Substituting (2.8) and (2.9) into (2.2) and (2.4) respectively, we can get
$\left\{\begin{array}{l} \frac{d^{2} P}{d \zeta^{2}}+a_{1} P^{5}+a_{2} P^{3}+a_{3} P Q^{2}+a_{4} P^{3} Q^{2}+a_{5} P Q^{4}+a_{6} P=0 \\ \frac{d^{2} Q}{d \zeta^{2}}+b_{1} Q^{5}+b_{2} Q^{3}+b_{3} Q P^{2}+b_{4} Q^{3} P^{2}+b_{5} Q P^{4}+b_{6} Q=0 \end{array}\right.$
where the parameters $a_i$ and $b_i (i=1,…,6)$ are given by $a_{1}=3 \eta_{1}^{2}$, $a_{2}=\kappa_{3}-4 \eta_{1} \delta_{1}, a_{3}=\kappa_{3}-2 \eta_{1} \delta_{1}-2 \eta_{1} \delta_{2}, a_{4}=2 \eta_{1} \eta_{2}+4 \eta_{1}^{2}, a_{5}=2 \eta_{1} \eta_{2}+\eta_{1}^{2}$, $a_{6}=\kappa_{1}+\delta_{1}^{2}, b_{1}=3 \eta_{2}^{2}, b_{2}=\kappa_{4}-4 \eta_{4} \delta_{4}, b_{3}=\kappa_{4}-2 \eta_{2} \delta_{2}-2 \eta_{2} \delta_{1}$, $b_{4}=2 \eta_{1} \eta_{2}+4 \eta_{2}^{2}, b_{5}=2 \eta_{1} \eta_{2}+\eta_{2}^{2}$ and $b_{6}=\kappa_{2}+\delta_{2}^{2}$ with $\kappa_{1}=\frac{2 \bar{k}_{1}}{\sigma+2 \alpha \varepsilon}$, $\boldsymbol{\kappa}_{2}=\frac{2 k_{2}}{\sigma+2 \alpha \varepsilon}, \kappa_{3}=\frac{4 \gamma_{1}}{\sigma+2 \alpha \varepsilon}$ and $\kappa_{4}=\frac{4 \gamma_{2}}{\sigma+2 \alpha \varepsilon}$.

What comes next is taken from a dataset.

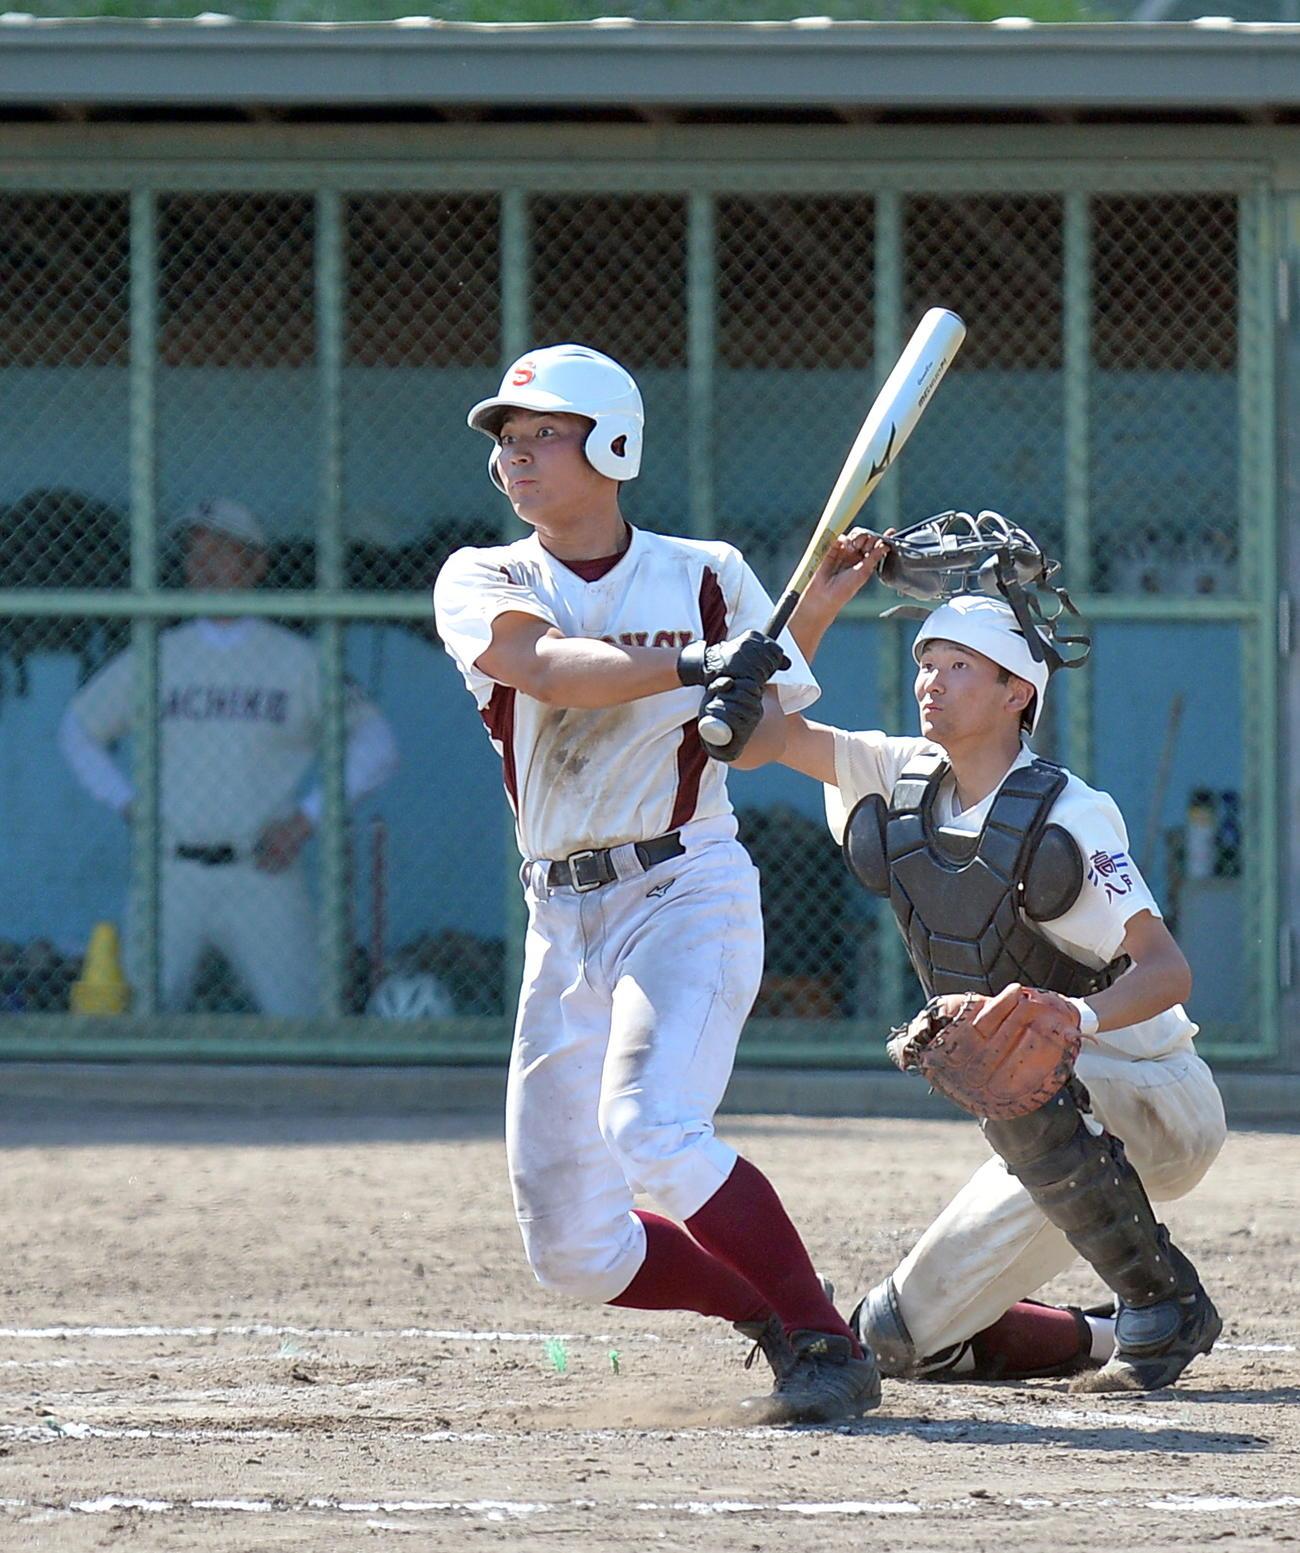 野球 青森 県 高校 八戸学院光星野球部メンバー2021!出身中学やドラフト注目選手まで徹底調査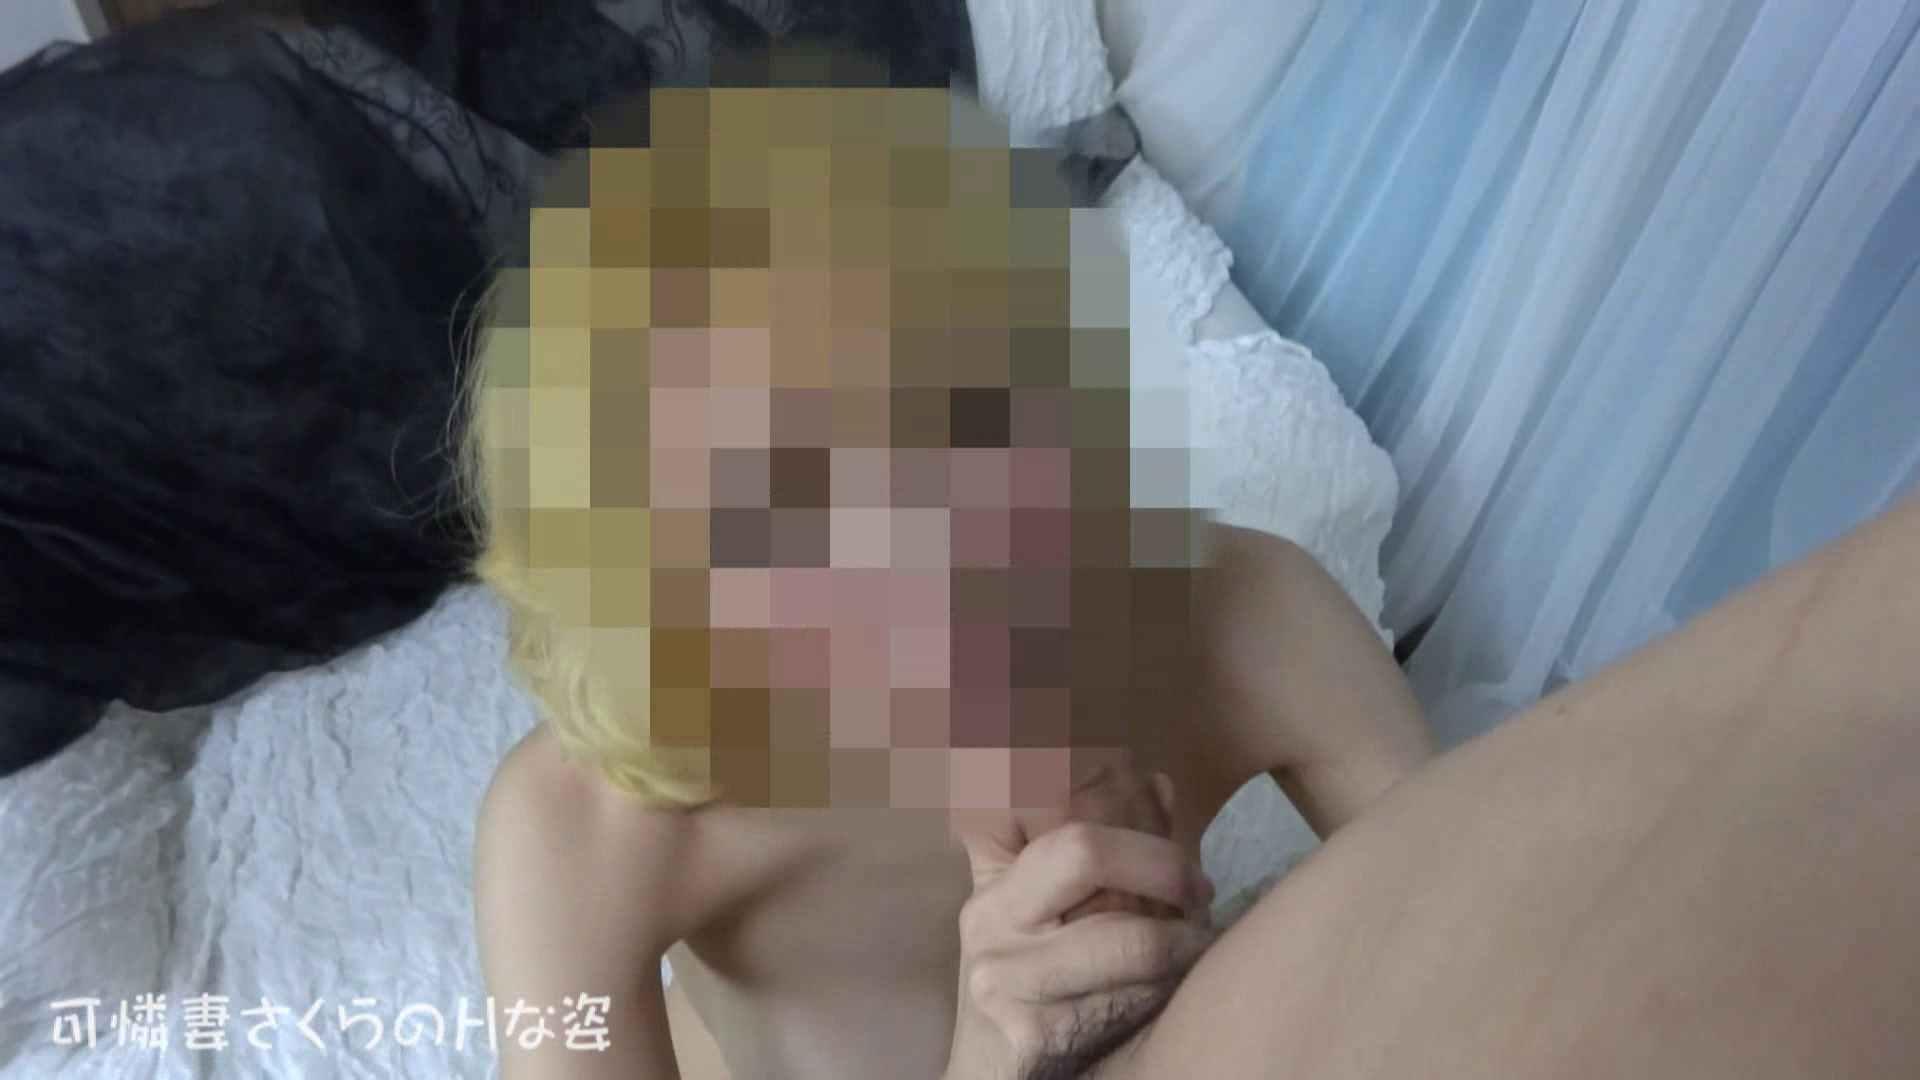 可憐妻さくらのHな姿vol.29 美しいOLの裸体 セックス無修正動画無料 106pic 23

In order to eliminate the coupled relationship, we assume that $Q=\rho P$. Then, Eq. (2.10) can be simplified to
$\frac{d^{2} P}{d \zeta^{2}}-c_{1} P^{5}-c_{2} P^{3}-c_{3} P=0$
where $c_{1}:=-\left[a_{1}+\lambda^{2} a_{4}+a_{5} \lambda^{4}\right]=-\left[\lambda^{4} b_{1}+\lambda^{2} b_{4}+b_{5}\right]$, $c_{2}:=-\left[a_{2}+\lambda^{2} a_{3}\right]=-\left[\lambda^{2} b_{2}+b_{3}\right]$ and $c_{3}:=-a_{6}=-b_{6}$6.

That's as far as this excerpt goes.